For almost 100 years now, radio has been an important part of our media landscape. It spreads news and information, music, sound art or literature and has inspired a broad variety of experimental approaches. Unfortunately, many programs fall into oblivion once aired, as there so far had been no comprehensive archive accessible to the public. The exhibition “Radiophonic Spaces” grants access to this heritage in an intuitive, immersive way.
The scientific basis was created as part of a research project at Bauhaus-Universität Weimar under the artistic direction of Nathalie Singer, Chair of Experimental Radio. A team of radio researchers, musicologists, editors, critics, and artists from the most varied of contexts and disciplines selected over 200 works of radio art and arranged them in 13 narratives. In this way, new thematic connections could be drawn between pieces of different artists and genres as well as places and times of origin. The result is a kaleidoscopic overview of the development of radio art.
To make this cultural wealth tangible and turn it into a spatial experience, the team partnered with the artist, architect and musician Cevdet Erek. Together, they developed the scenographic concept for an interactive walk-in archive. MESO was commissioned with the interaction concept and digital design as well as technical planning and implementation.

The key idea of “Radiophonic Spaces” is enabling the exploration of radio history through sound, with visual information only being an add-on. To guarantee an undisturbed and intuitive visitor experience, there is no linear exhibition parcours. Instead, the walk-in archive invites visitors to trust their ears and find their own path through the space.
This is achieved by turning them into “human tuning needles” within a carefully designed scenography. Suspended from a rope system criss-crossing beneath the ceiling are custom-built transmitter stations. 13 different radio art snippets are assigned to each transmitter station, one from each narrative. On entering the exhibition, visitors are equipped with a handheld and headphones. A wifi-based tracking system developed by MESO constantly determines everyone’s individual position within the exhibition space. As visitors approach the transmitter stations, atmospheric noise turns into the snippets of radio art. The interface on the handheld can be used to switch through the narratives and trigger the corresponding snippets. If a person lingers in one spot to listen to an entire snippet, it gets archived in his or her digital library making the piece of radio art accessible in full length later on.

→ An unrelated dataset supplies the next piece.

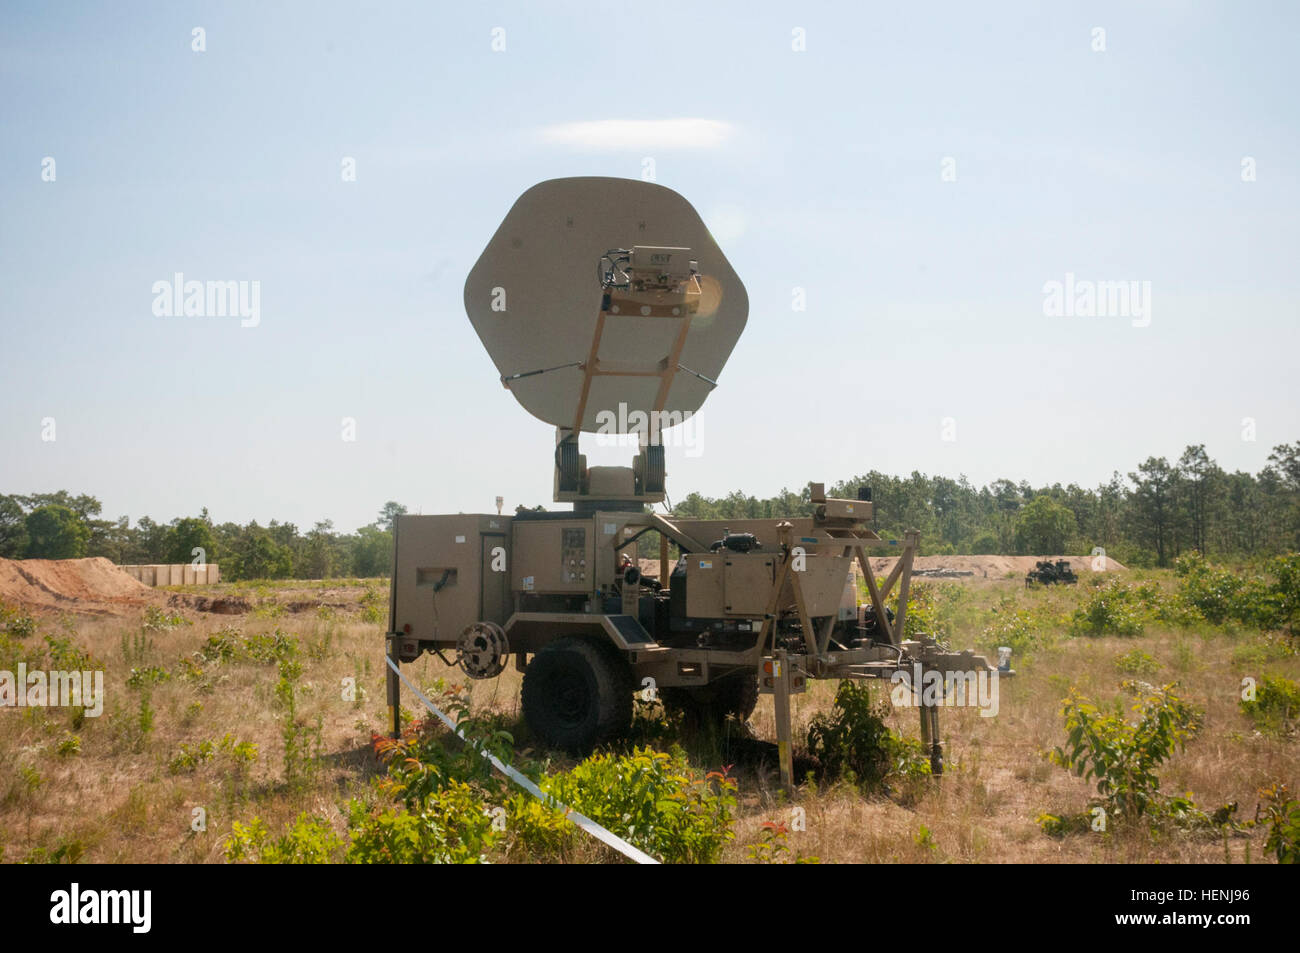 A satellite transportable terminal set up by the 558th Signal Company, from Maineville, Ohio sits behind the fuel farms during the 2014 Quartermaster Liquid Logistics Exercise (QLLEX), operationally controlled by 633rd Quartermaster Battalion, in Fort Bragg N.C., June 8 2014. (U.S. Army photo by Spc. Miguel Alvarez/Released) 2014 QLLEX 140608-A-DY471-001 Stock Photo
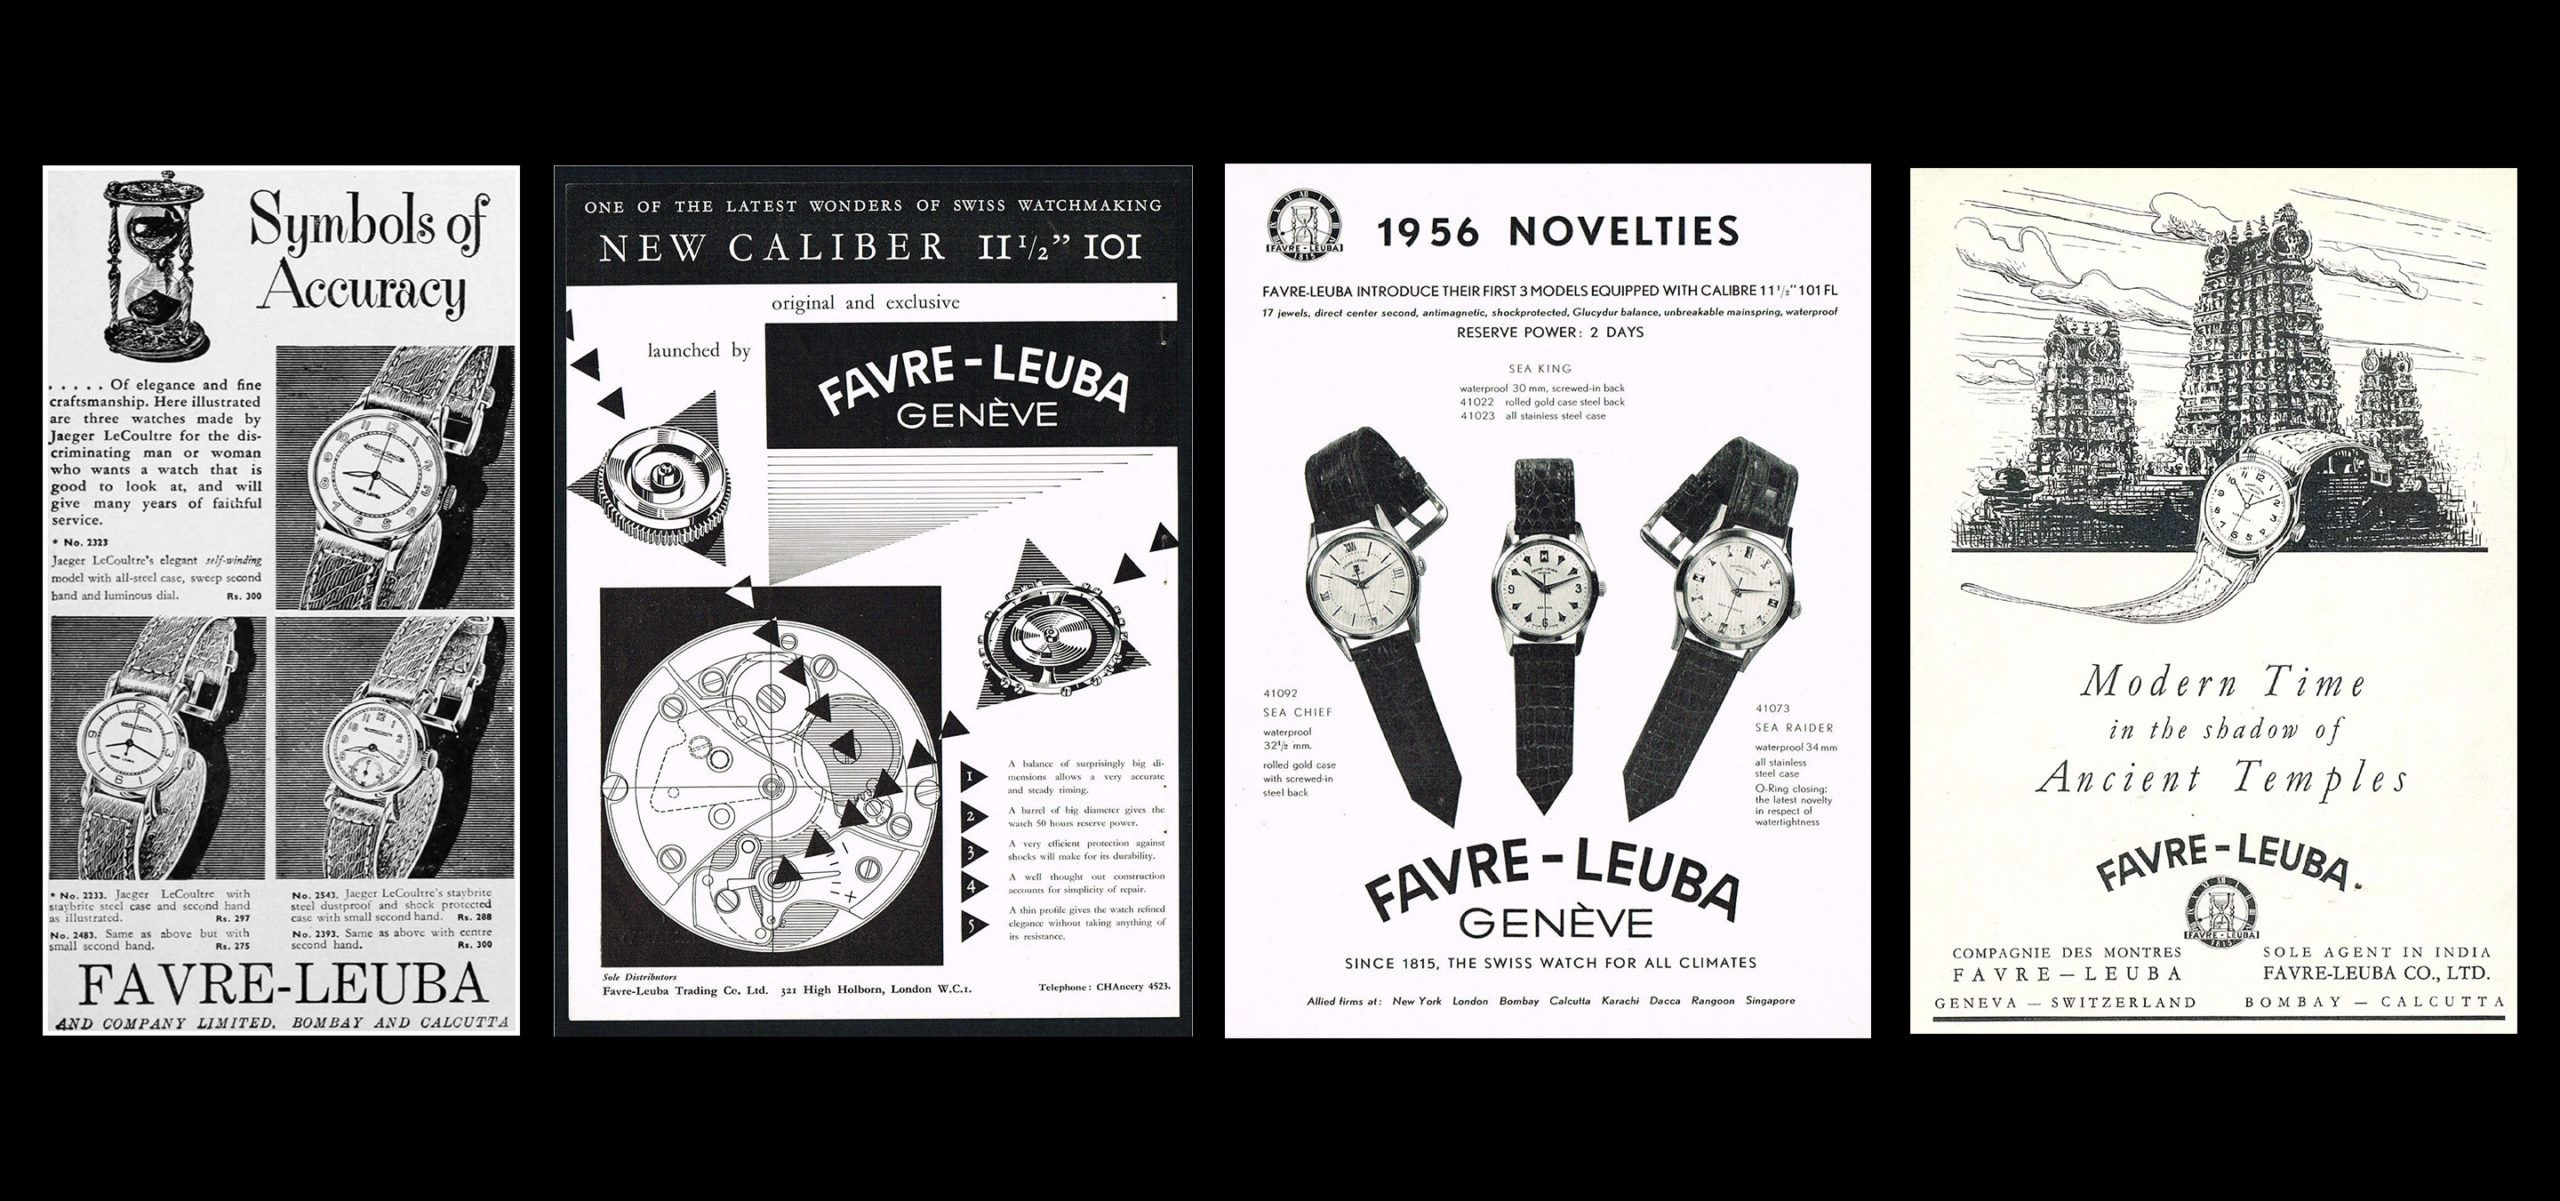 A History Of Favre Leuba: The Growth And Resilience Of The World's Second Oldest Watchmaker

Media stations function as an interactive on-site research tool. They connect to the handheld and make the library of “collected” audio snippets visually accessible. An interface drawing inspiration from a star chart not only offers background information and extensive media content to all radio art pieces, it also illustrates connections between different works, artists, radio stations or places. Here, visitors can expand their intuitive auditive experience by methodically searching this unique archive. In this way, “Radiophonic Spaces” addresses experts as well as promoting this form of art among the general public.

“Radiophonic Spaces” was exhibited at Museum Tinguely, Basel and Haus der Kulturen der Welt, Berlin. It is currently on show at Bauhaus-Universität Weimar until 19 September 2019.
An accompanying website which allows further research from any location is being developed by Bauhaus-Universität Weimar and MESO.